A one-time dose of ceftriaxone 125 mg intramuscular (IM) has been a drug-of-choice for gonorrhea for many years, but the dose was increased to 250 mg IM due to increasing resistance. Patients treated for gonorrhea should receive azithromycin as well, which adds empiric therapy for chlamydia and may reduce the emergence of ceftriaxone resistance.
Ceftriaxone has the characteristic of having dual modes of elimination via both renal and biliary excretion. It does not need to be adjusted for renal dysfunction, but it does effectively treat UTIs.

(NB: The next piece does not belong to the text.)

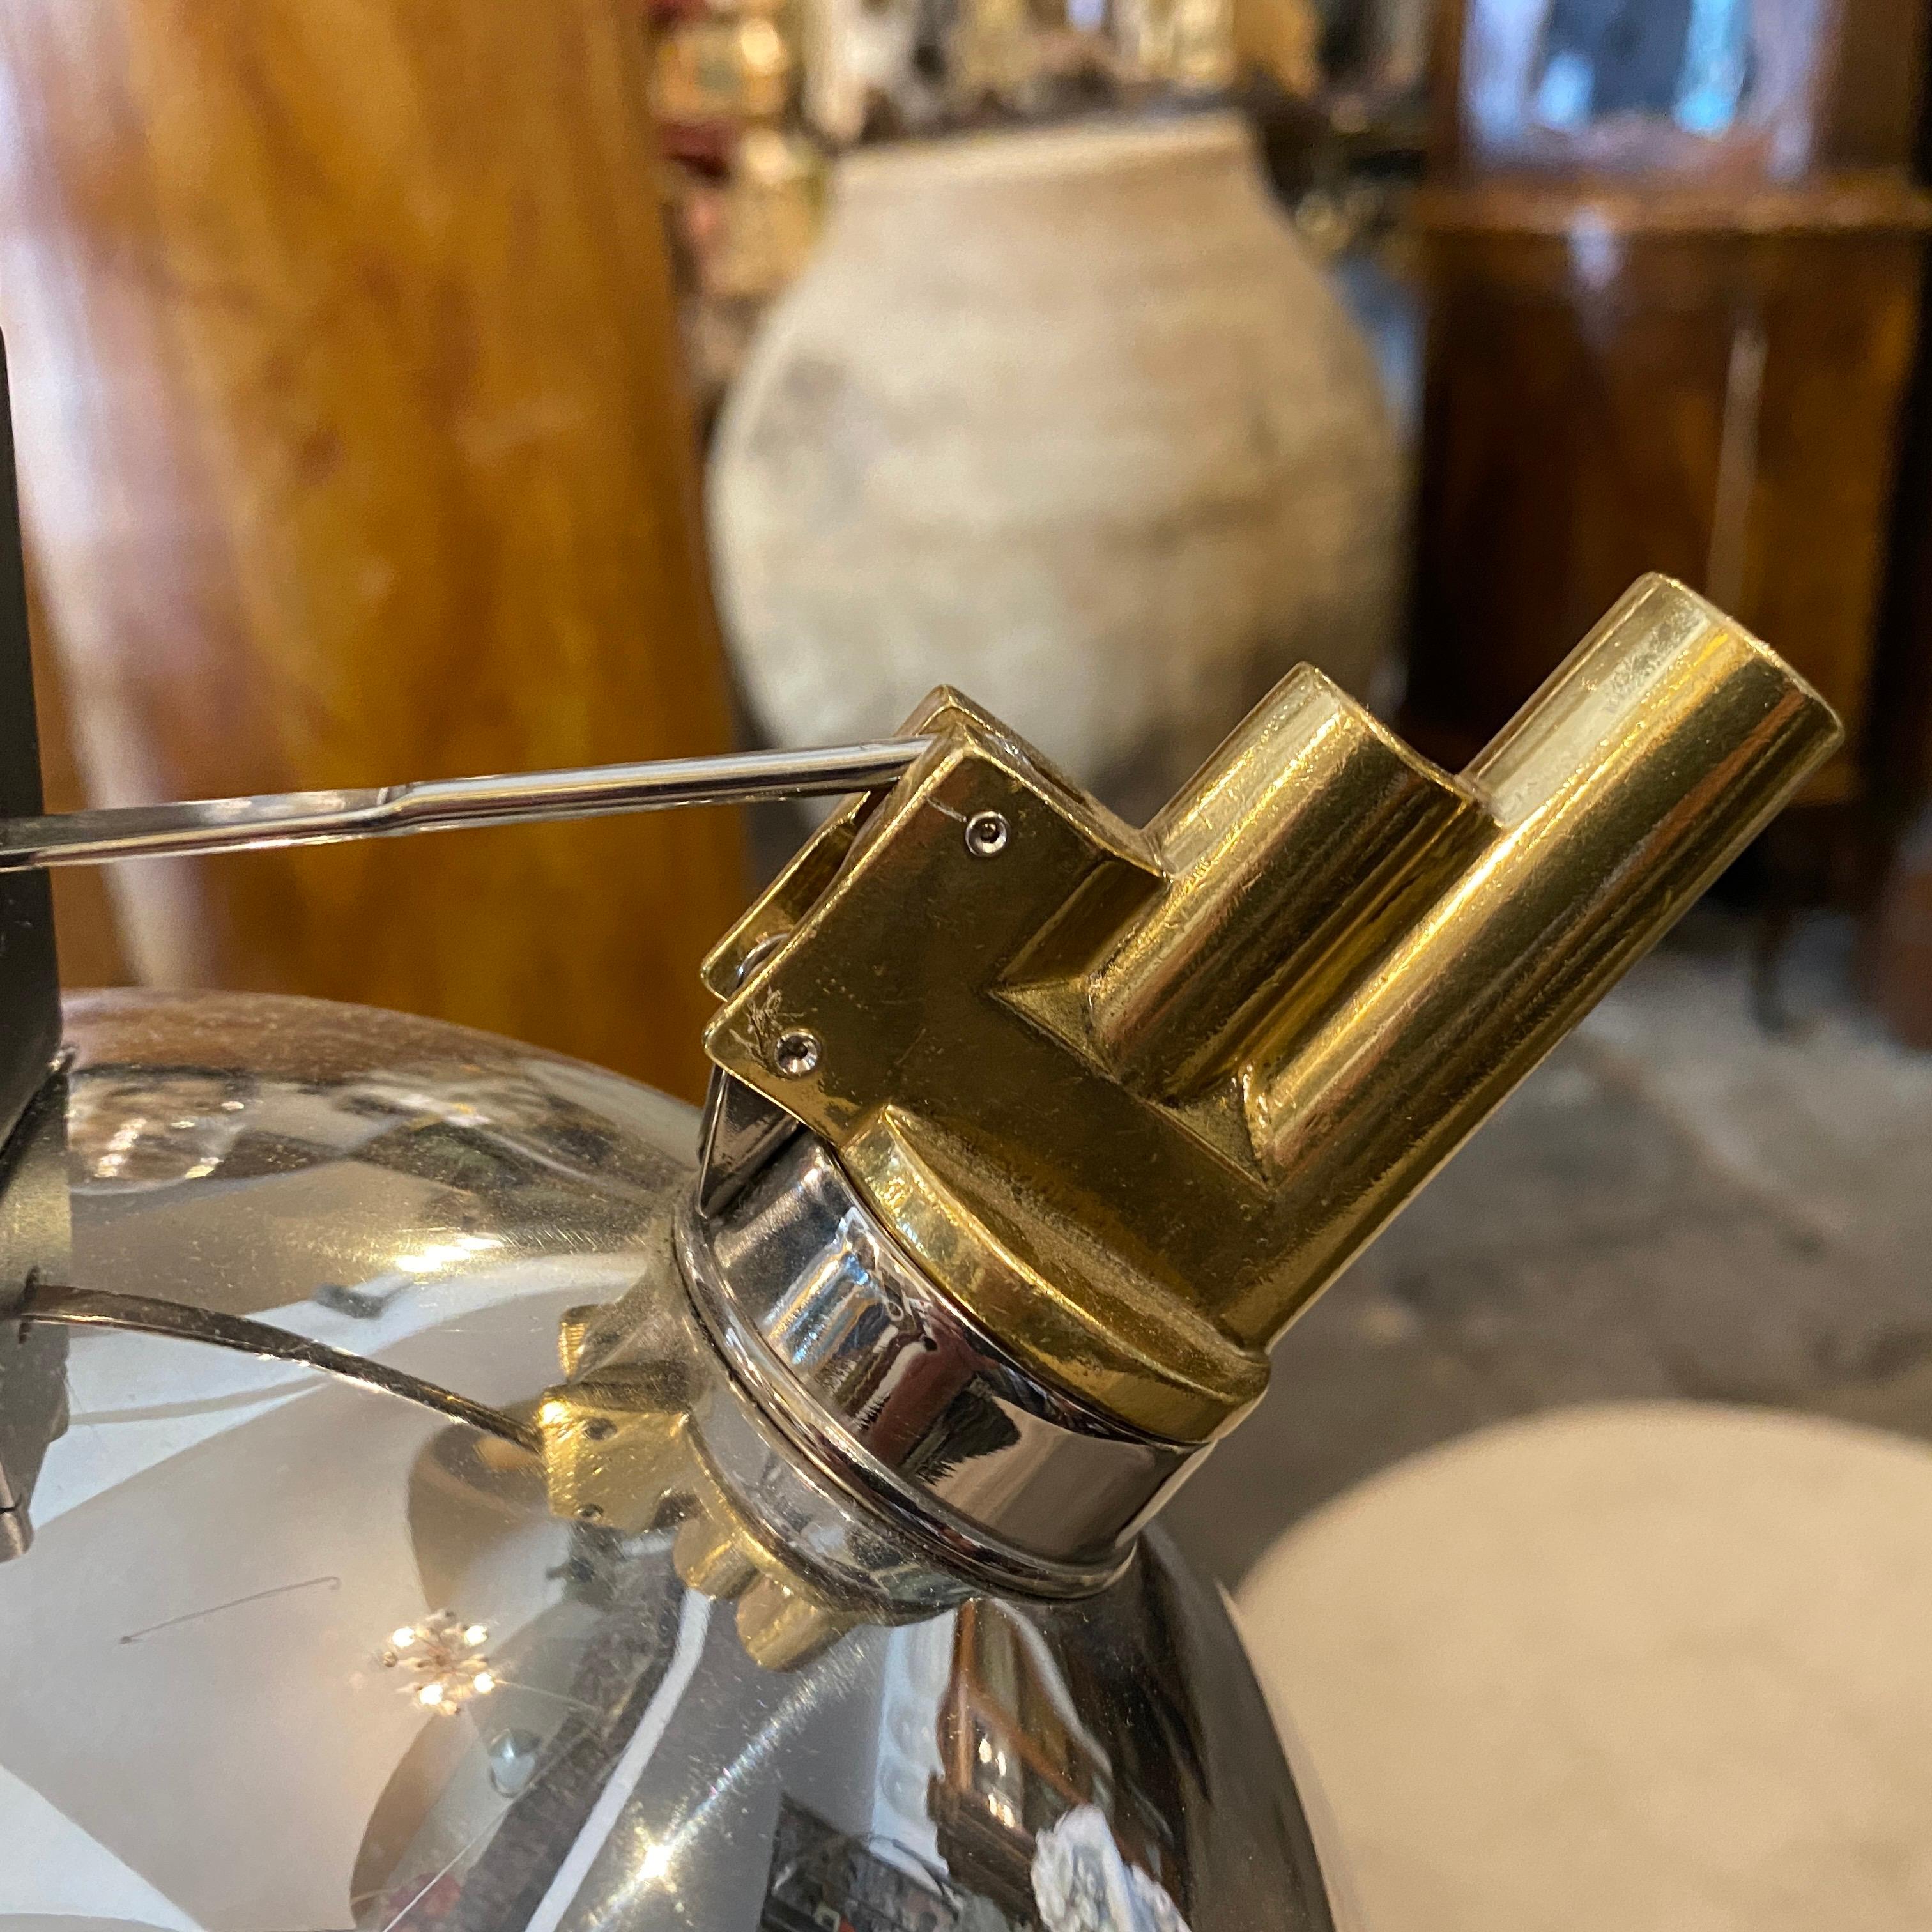 The Alessi kettle designed by Richard Sapper is a multi-sensory object, it has a melodic brass whistle with an unusual shape, consisting of two small pipes that reproduce musical notes E and B.

Ceftriaxone has two problems that make its use in neonates problematic: it interacts with calcium-containing medications to form crystals that can precipitate in the lungs and kidneys, which has led to fatalities, and it can also lead to biliary sludging with resultant hyperbilirubinemia. Avoid it— cefotaxime is a safer drug for these young patients.
Last ceftriaxone fact: it should be given in higher doses of 2–4 g a day for MSSA infections, particularly invasive infections. Less activity against this organism means higher doses are recommended.
What They’re Good For
Lower respiratory tract infections, pyelonephritis, nosocomial infections (ceftazidime), Lyme disease (ceftriaxone), meningitis, gonorrhea, skin and skin structure infections, febrile neutropenia (ceftazidime).
Don’t Forget!
Ceftriaxone is a once-daily drug for almost all indications except meningitis. Make sure your meningitis patients receive the full 2 g IV q12h dose and also use vancomycin and ampicillin (if indicated). There are a few more indications for the high dose, but meningitis is the most important one.
Fourth-Generation Cephalosporins Agent: cefepime
There is only one fourth-generation cephalosporin, cefepime. Cefepime is the broadest-spectrum cephalosporin, with activity against both Gram-negative organisms, including Pseudomonas, and Gram-positive organisms. One way to remember its spectrum is to think that cefazolin (1st) + ceftazidime (3rd) = cefepime (4th).
Mechanism of Action
All beta-lactams inhibit cross-linking of peptidoglycan in the cell wall, leading to autolysis and cell death.
Spectrum
Good: MSSA, streptococci, Pseudomonas, enteric GNRs
Moderate: Acinetobacter
Poor: enterococci, anaerobes, MRSA
Adverse Effects
Generally, similar to those of other beta-lactams, but cefepime may be associated with more neurotoxicity than other agents.